**The problem:**
From the data below, return only the lines from the one with "CL-392 Danger asbestos" through the one with "Probe 2 doors", exact and inclusive, with pictures left out.

**Entries provided:**
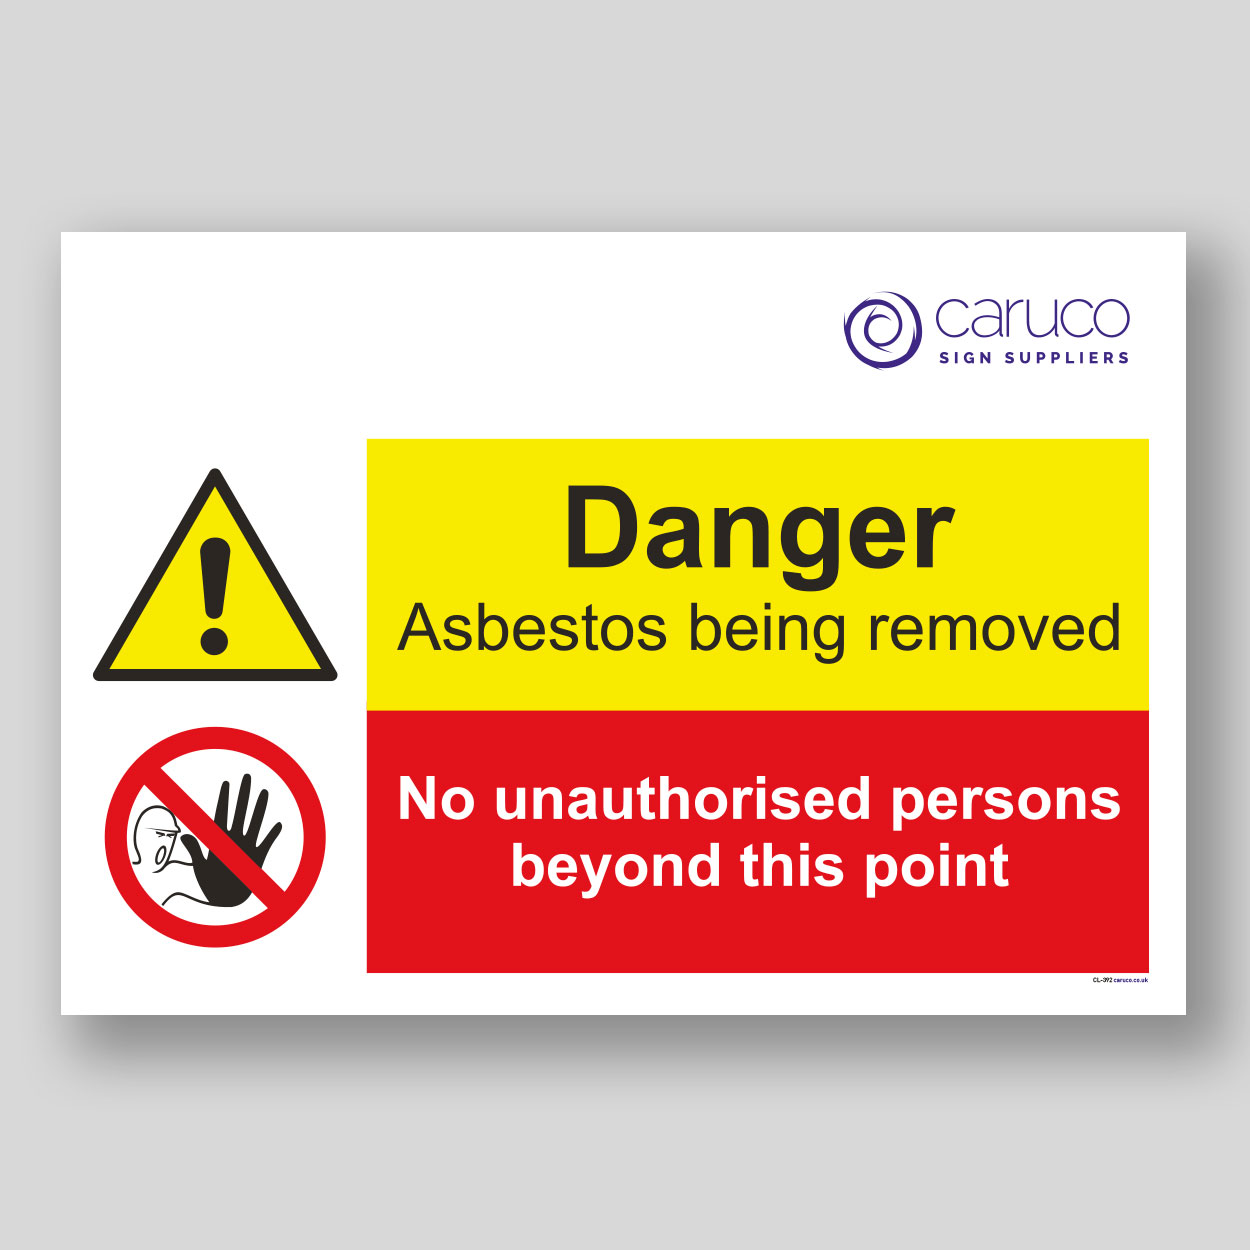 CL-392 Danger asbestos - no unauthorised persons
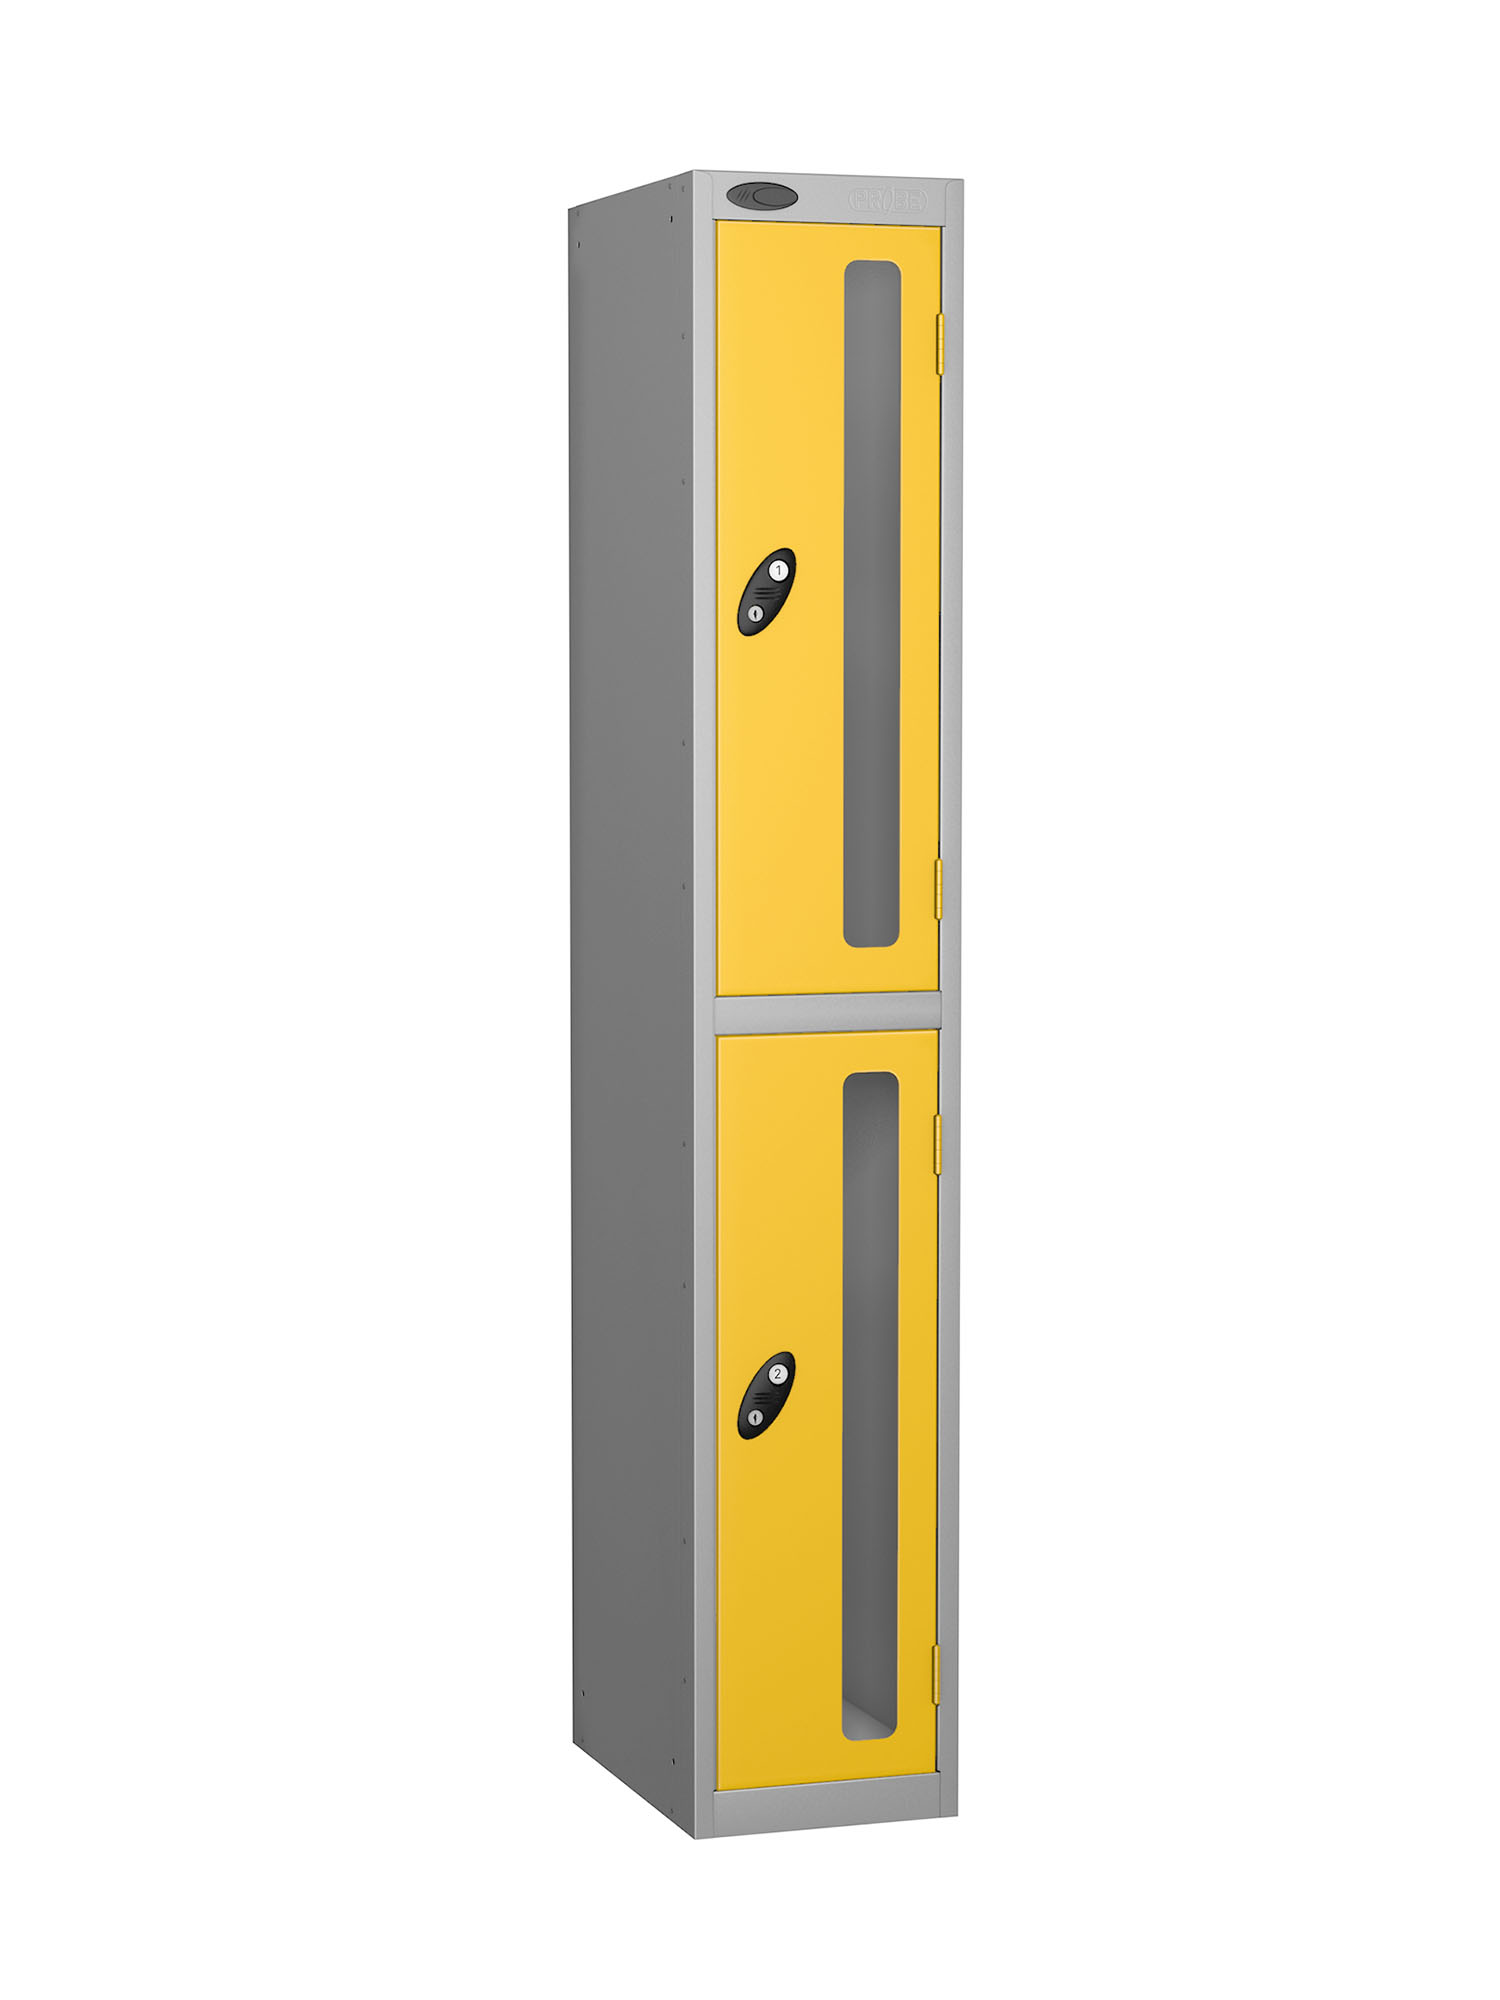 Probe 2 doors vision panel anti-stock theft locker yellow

--

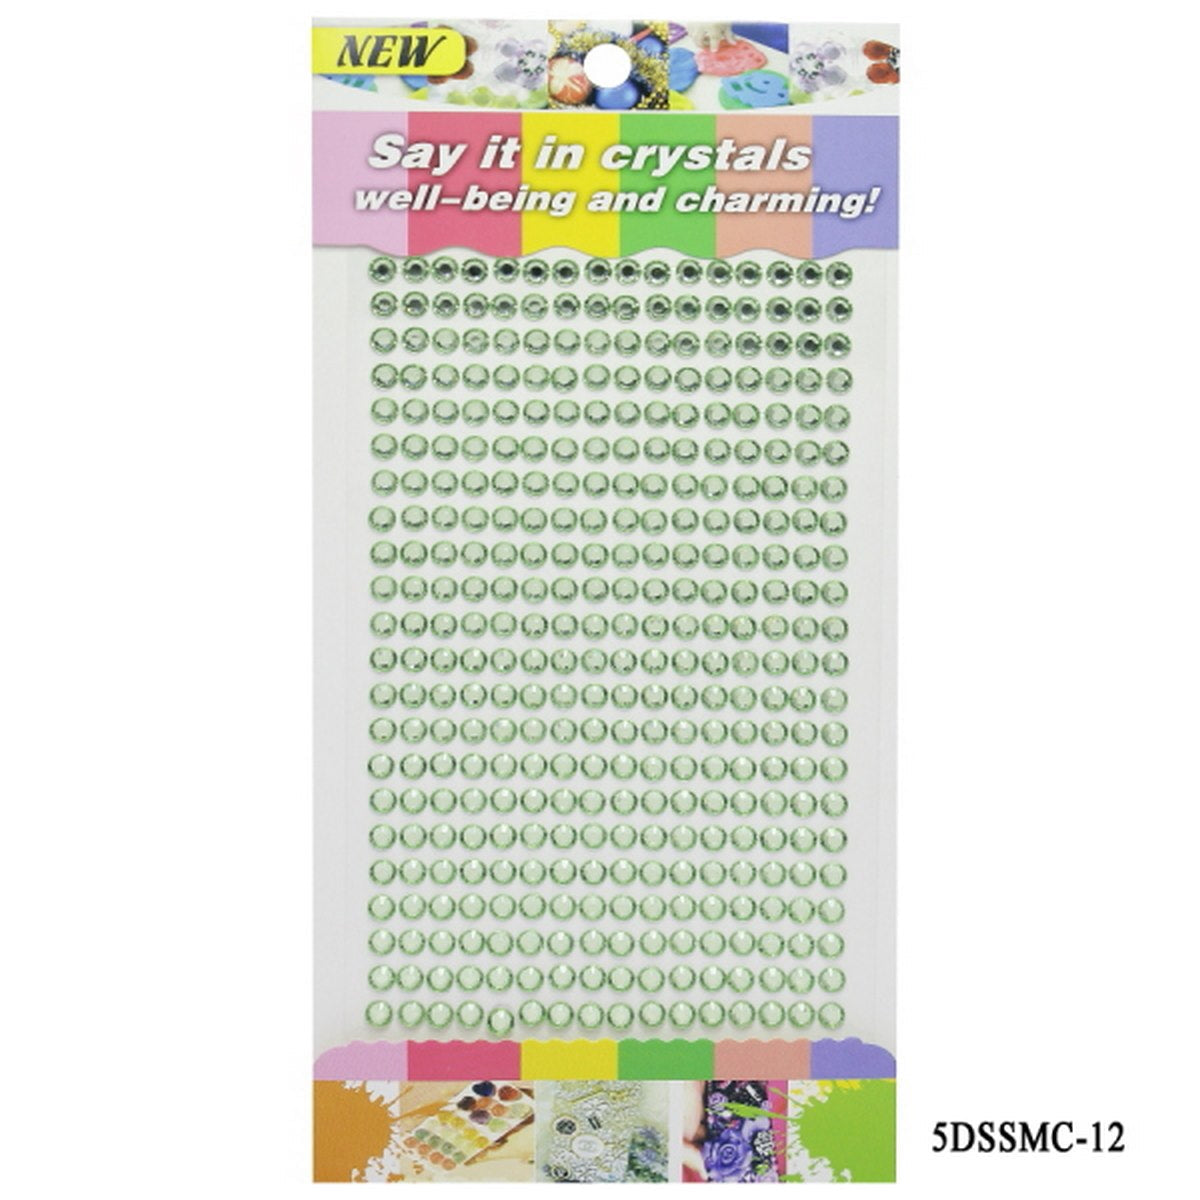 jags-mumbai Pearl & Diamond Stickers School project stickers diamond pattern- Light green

==

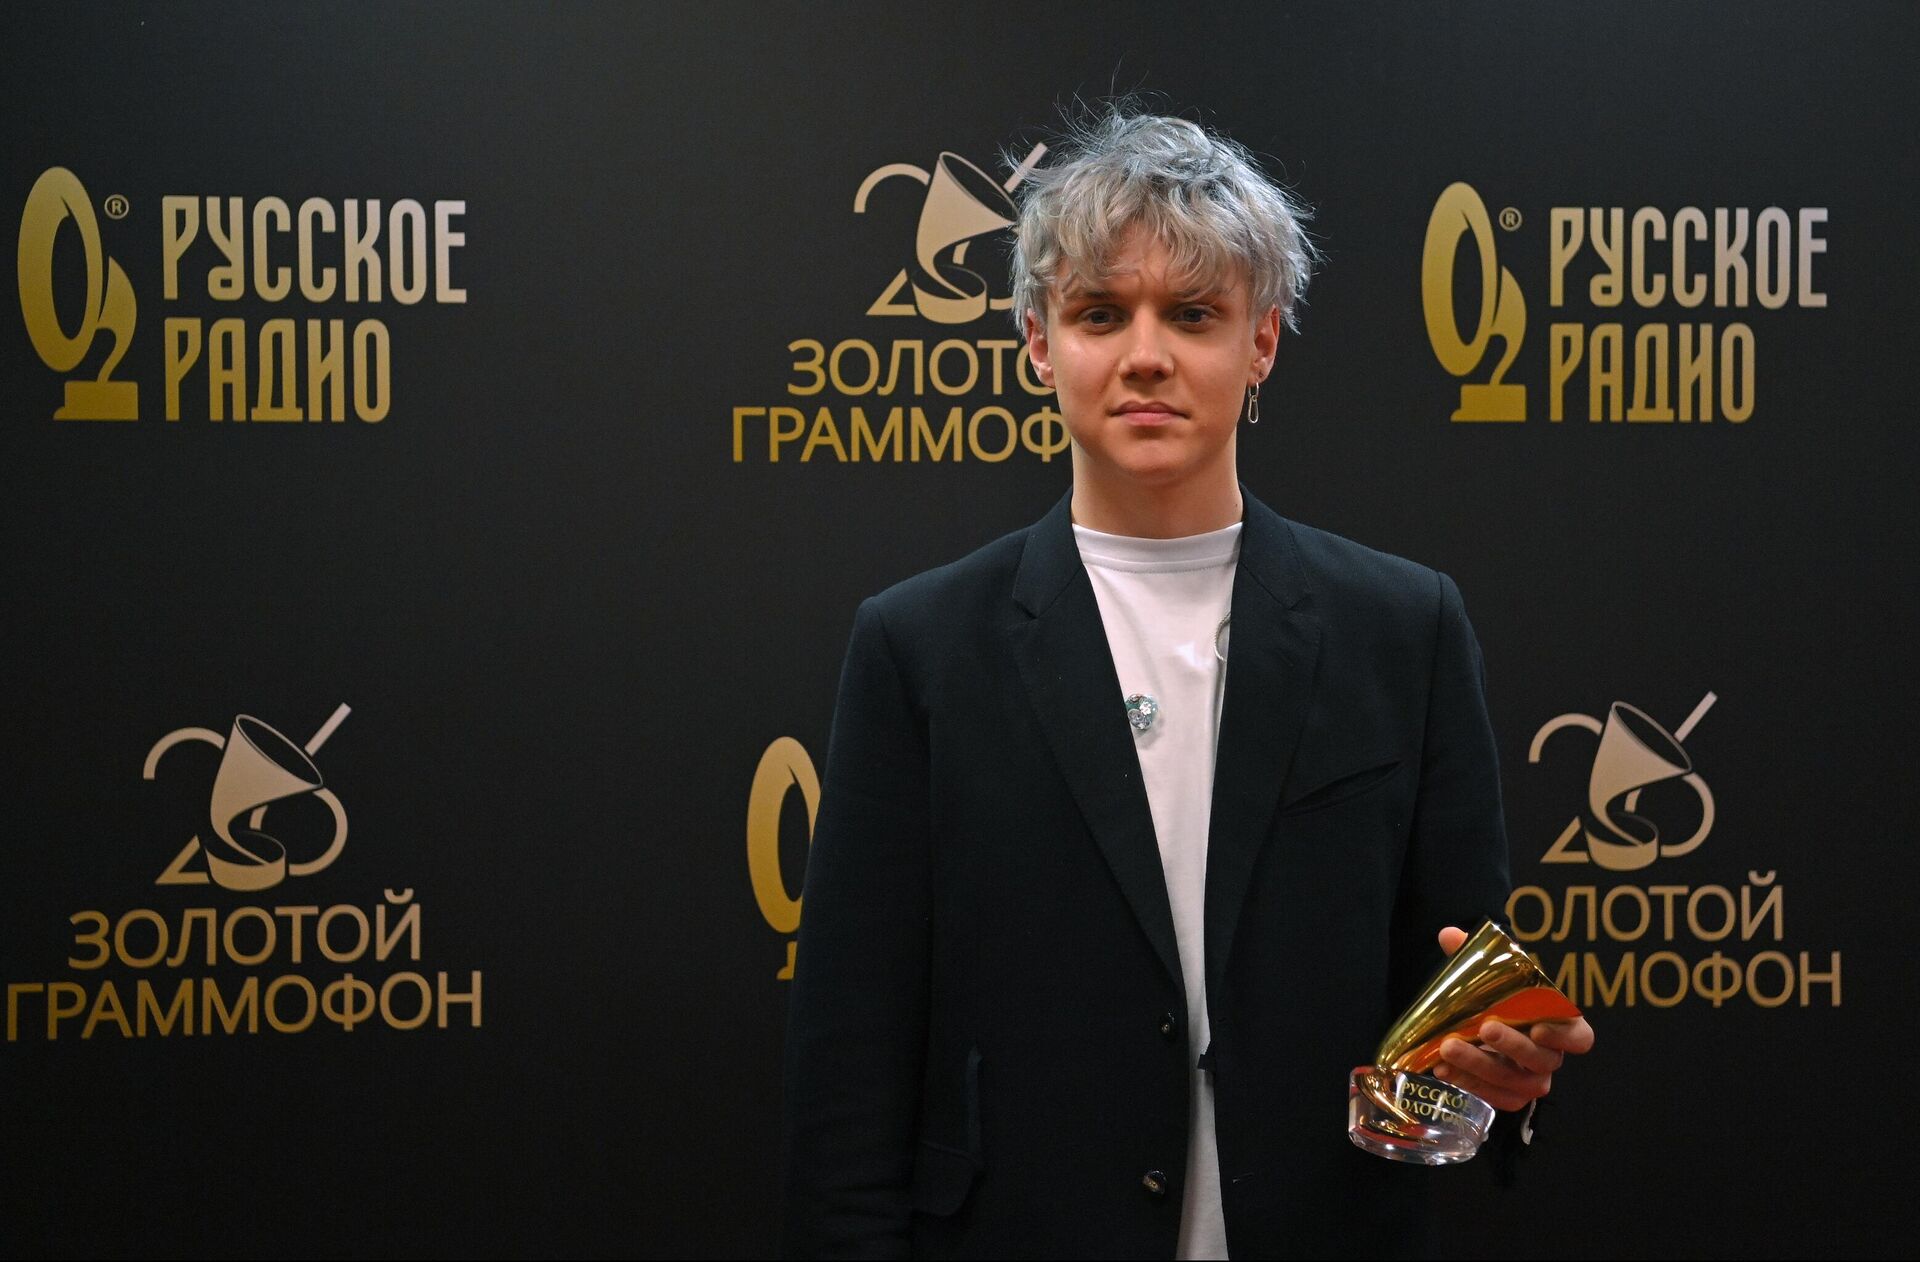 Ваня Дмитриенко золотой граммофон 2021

**Finished task:**
 CL-392 Danger asbestos - no unauthorised persons
 Probe 2 doors vision panel anti-stock theft locker yellow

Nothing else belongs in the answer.